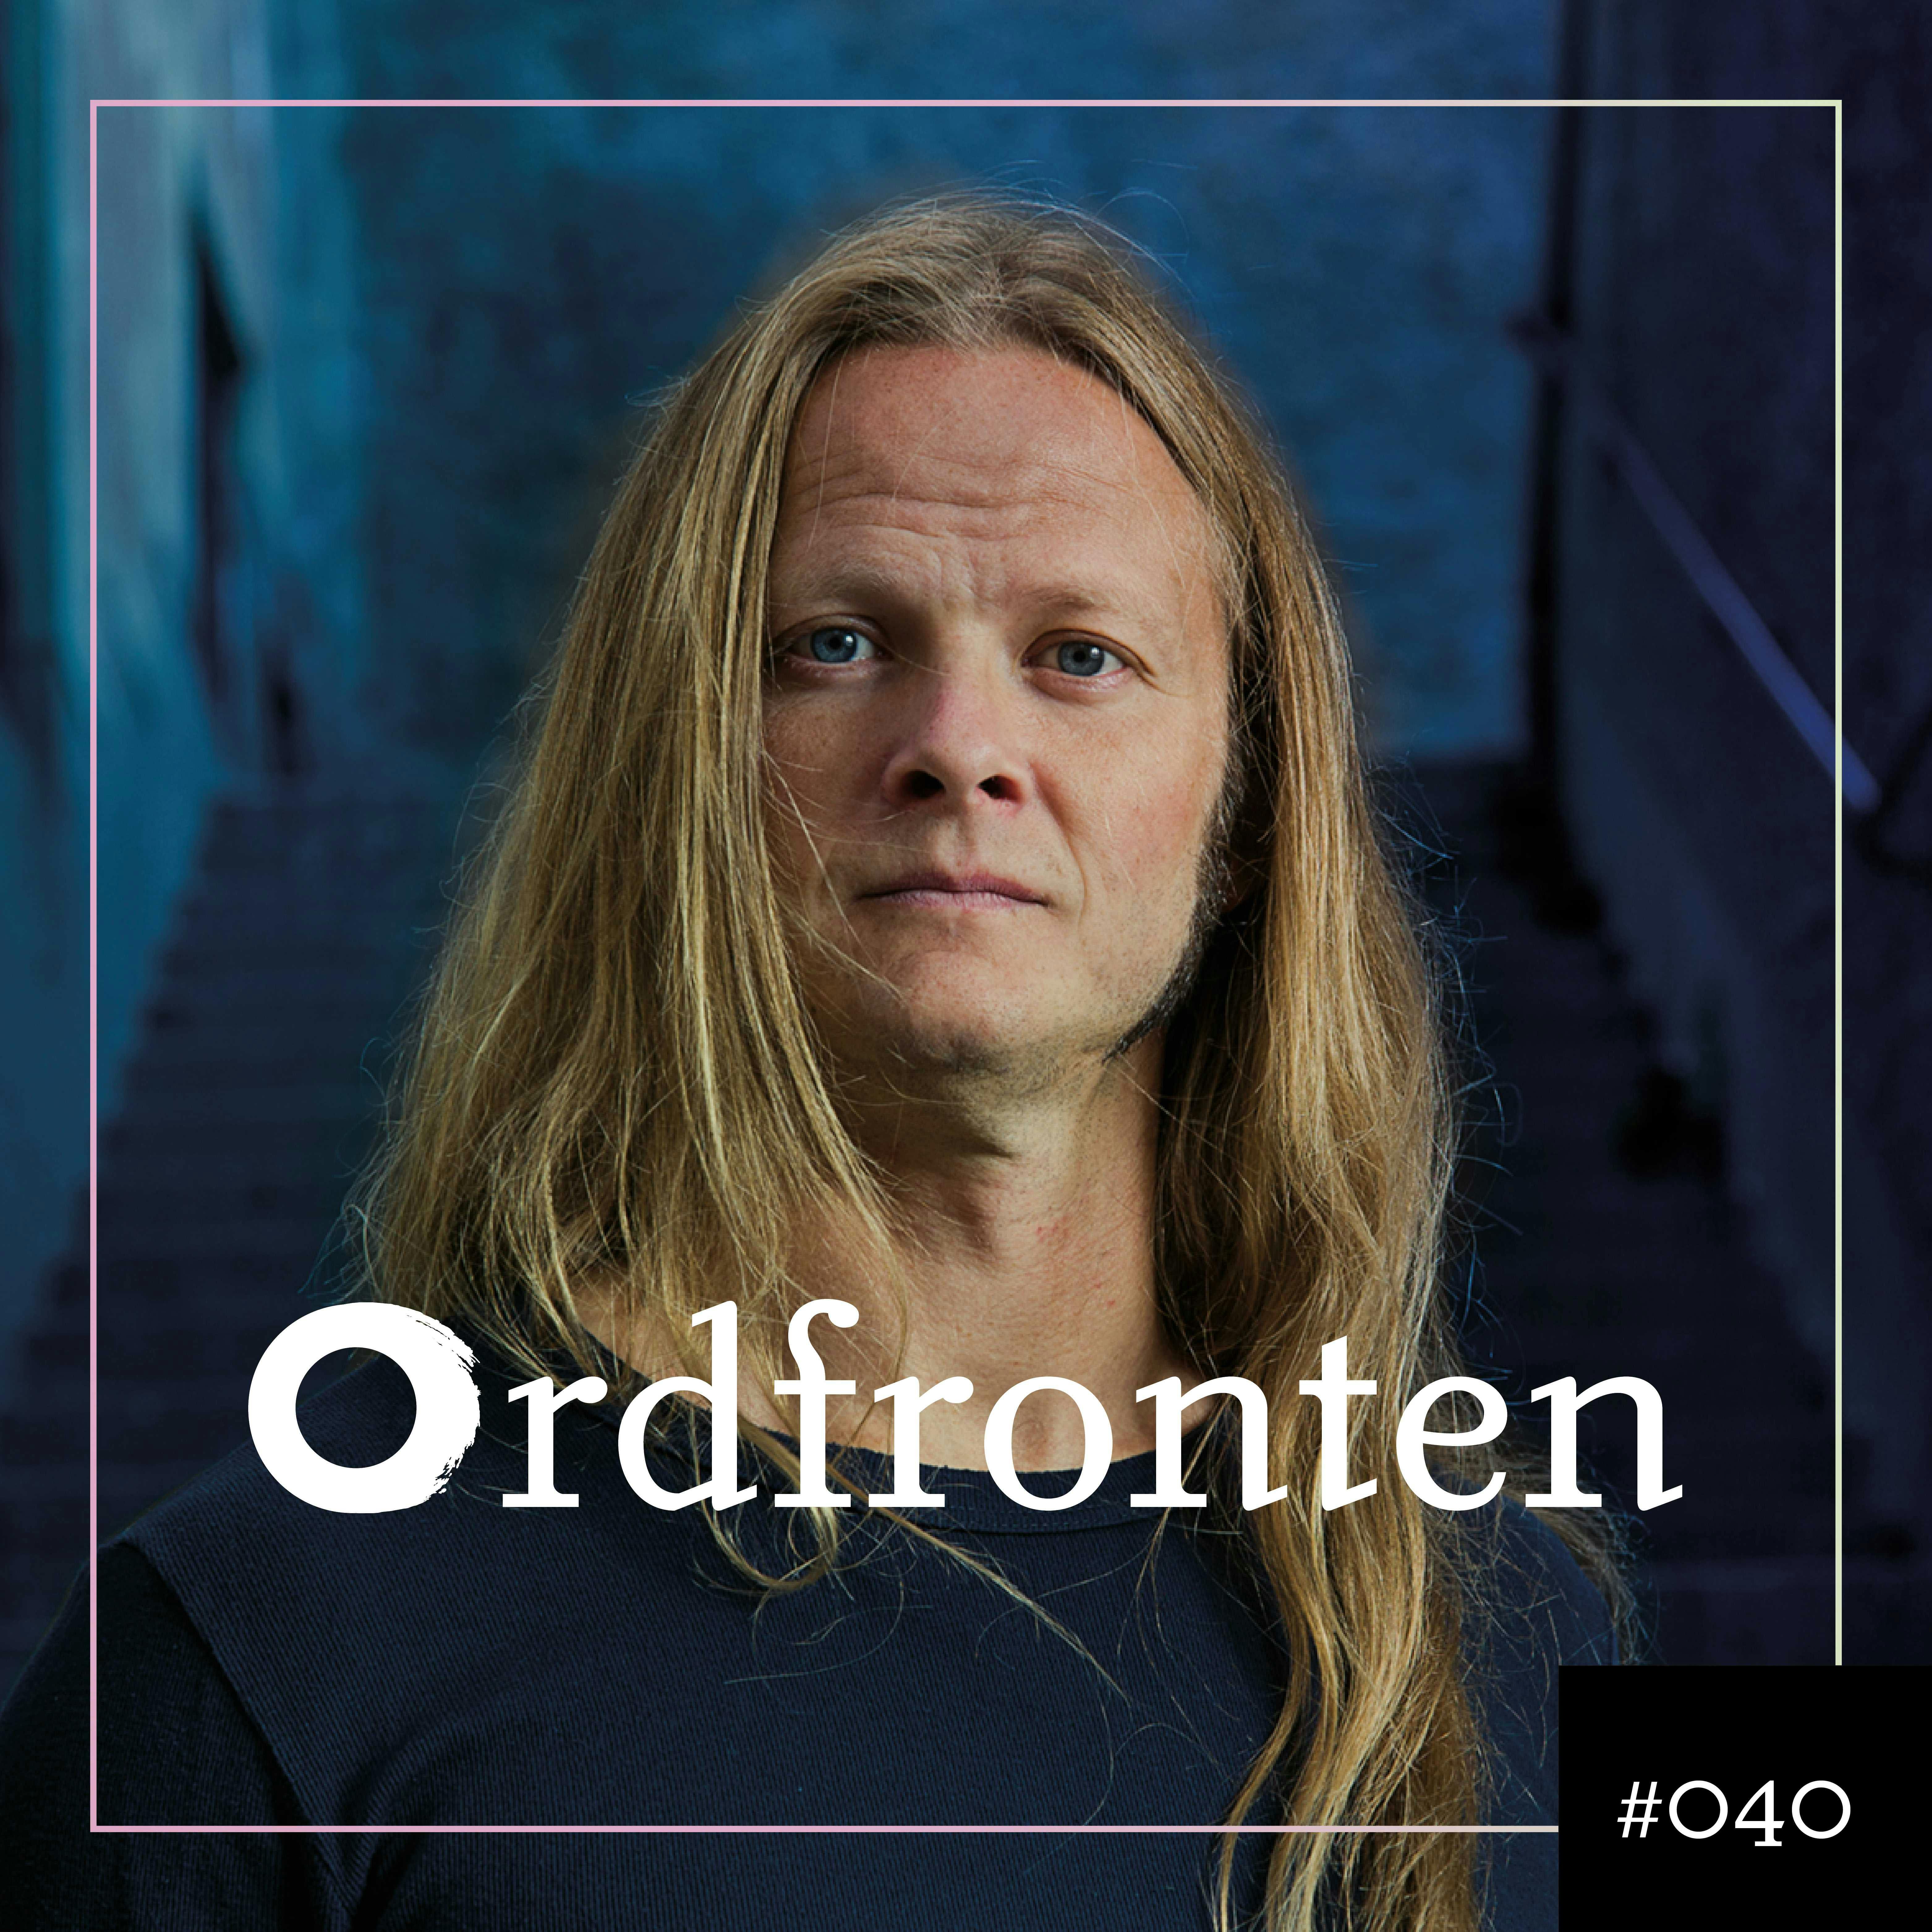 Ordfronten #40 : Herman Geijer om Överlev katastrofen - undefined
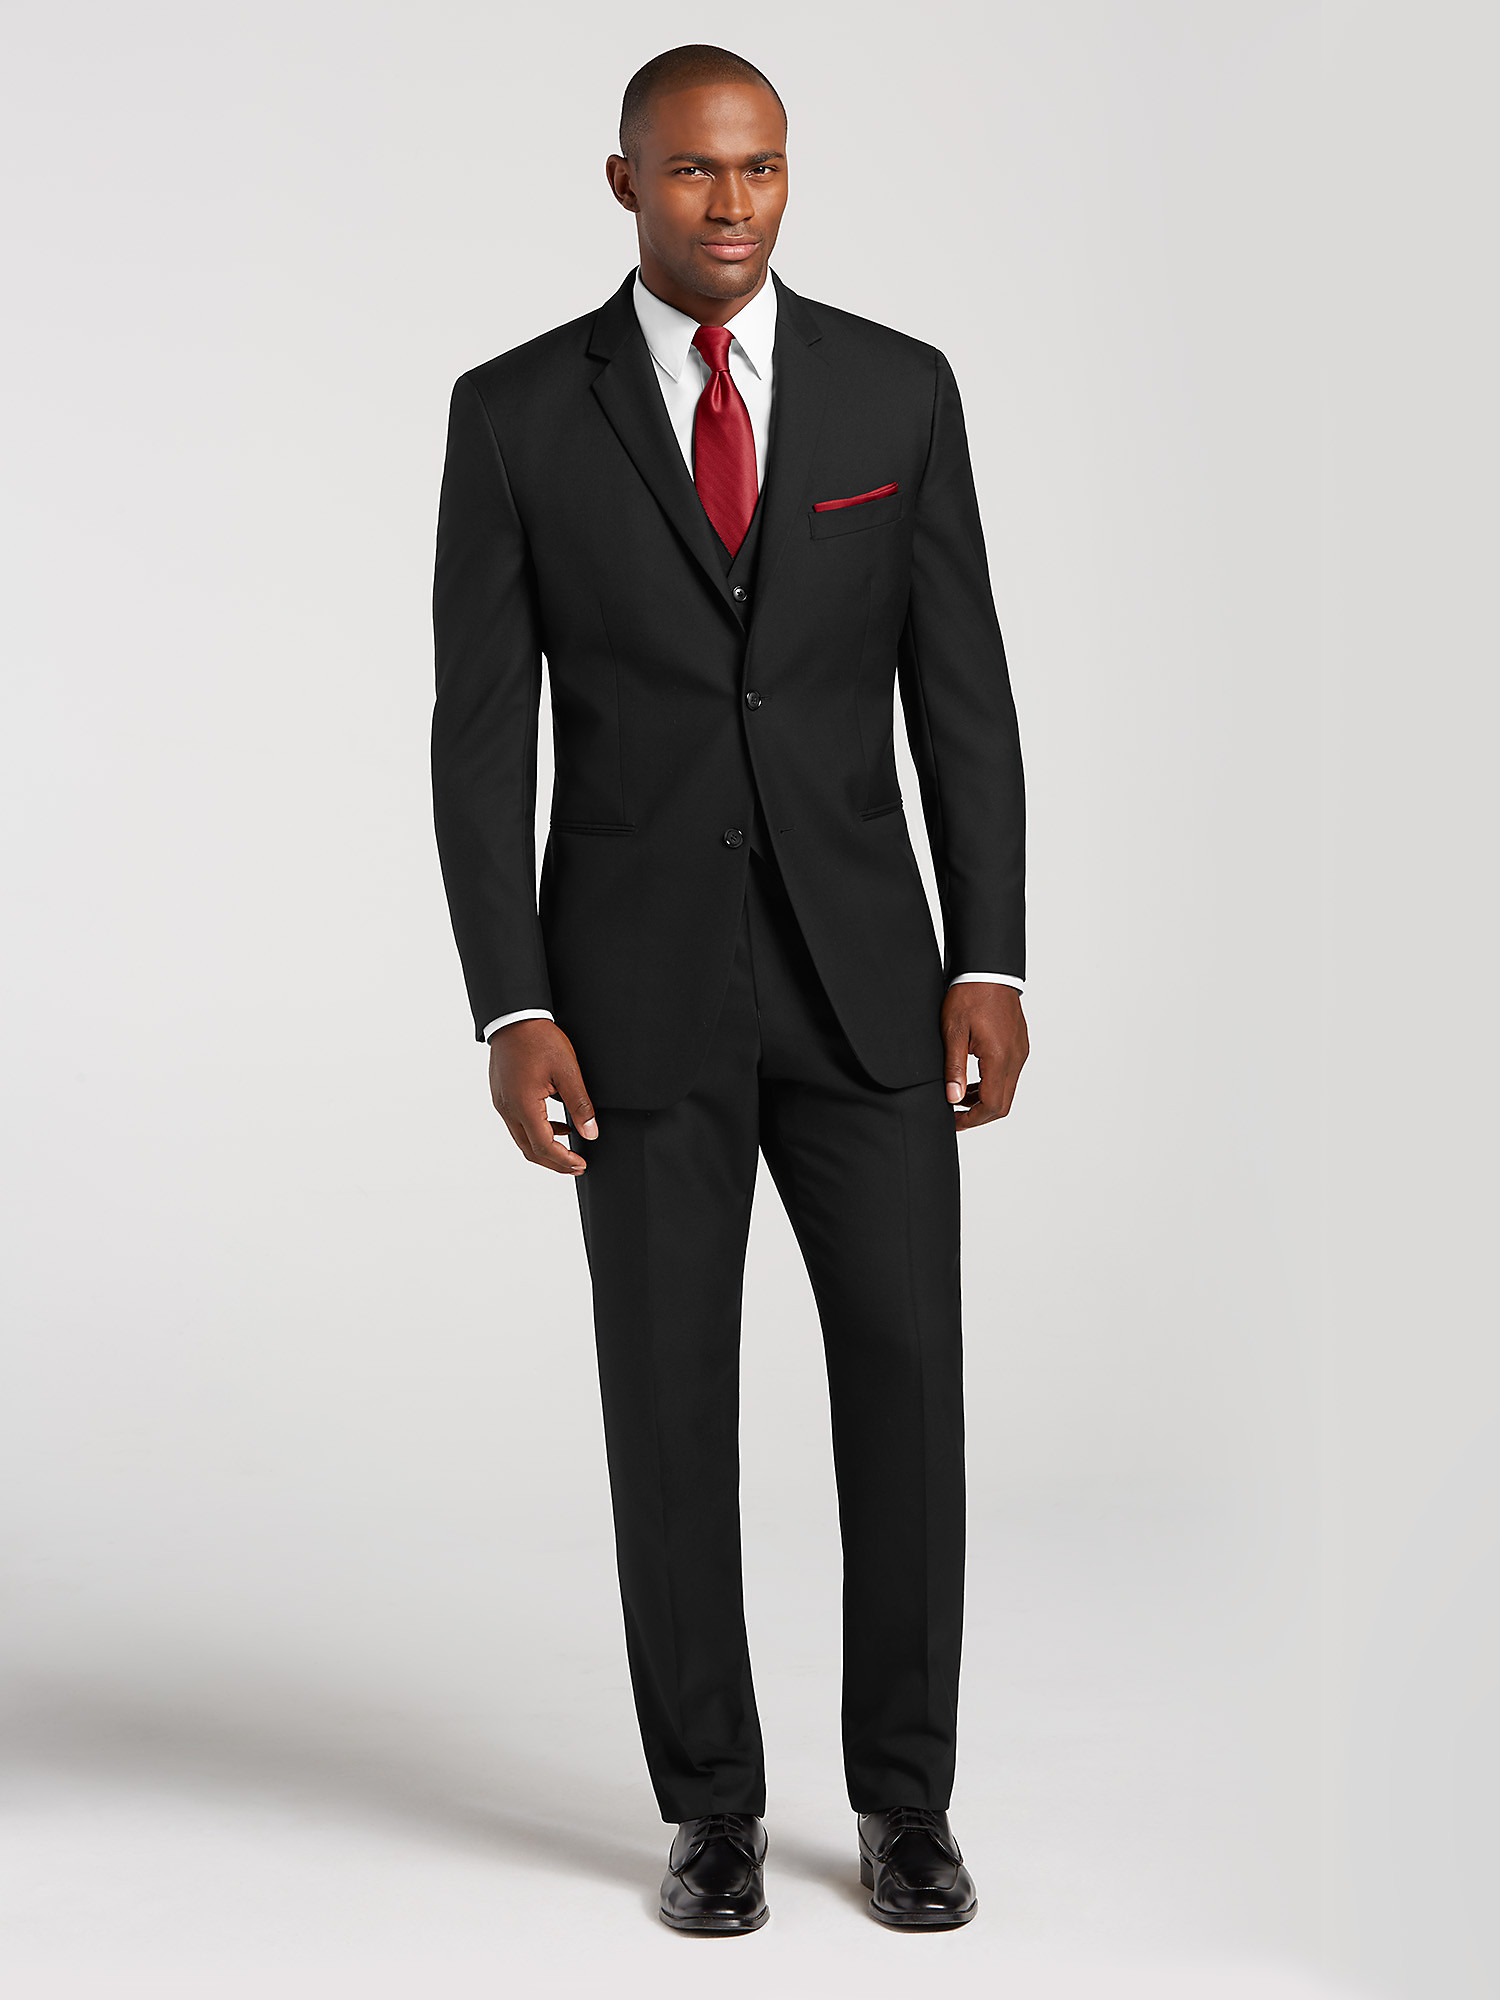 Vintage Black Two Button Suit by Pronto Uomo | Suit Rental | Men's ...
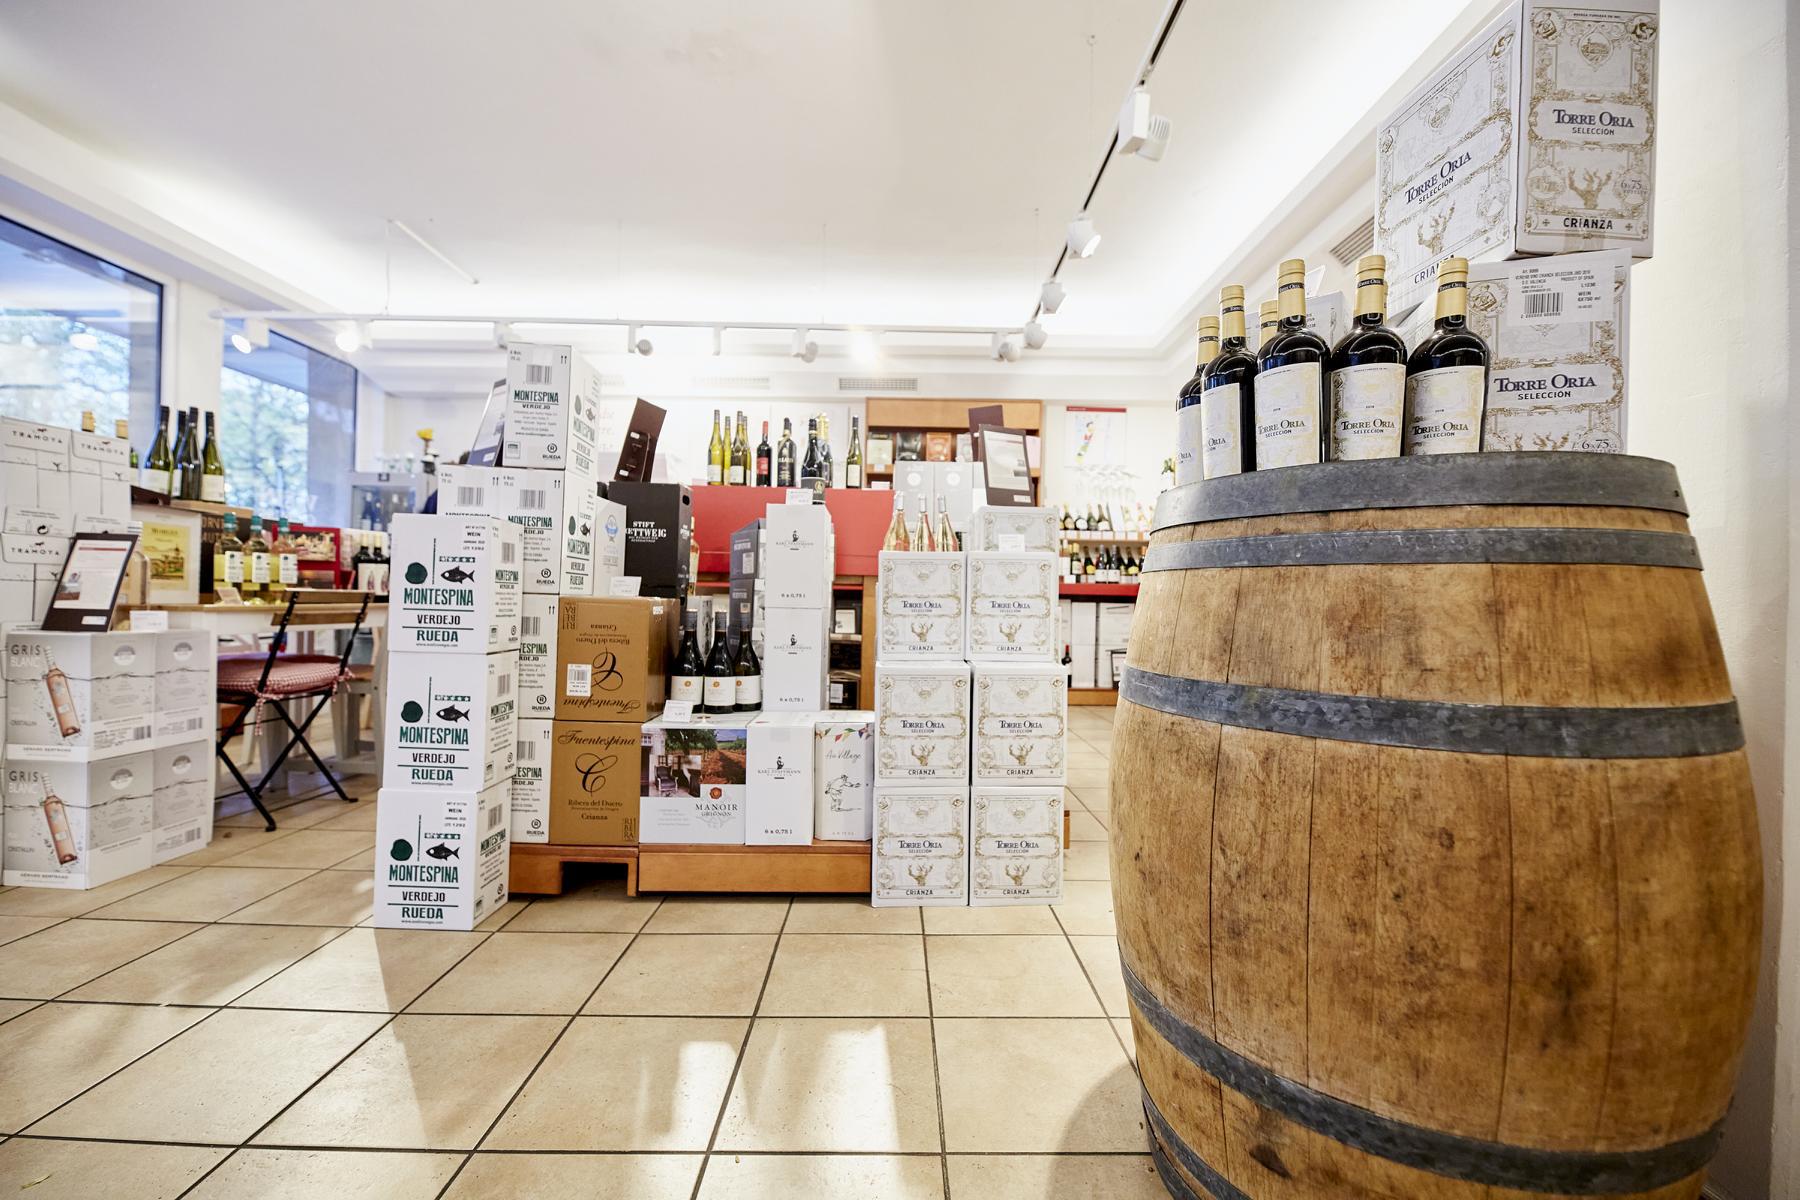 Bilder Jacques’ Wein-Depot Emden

> _AIM OF THE EXERCISE_
Quote all the lines above exactly as given. Do not include the pictures.

> _ANSWER_
 Ordfronten #40 : Herman Geijer om Överlev katastrofen - undefined
 Vintage Black Two Button Suit by Pronto Uomo | Suit Rental | Men's ...
 Bilder Jacques’ Wein-Depot Emden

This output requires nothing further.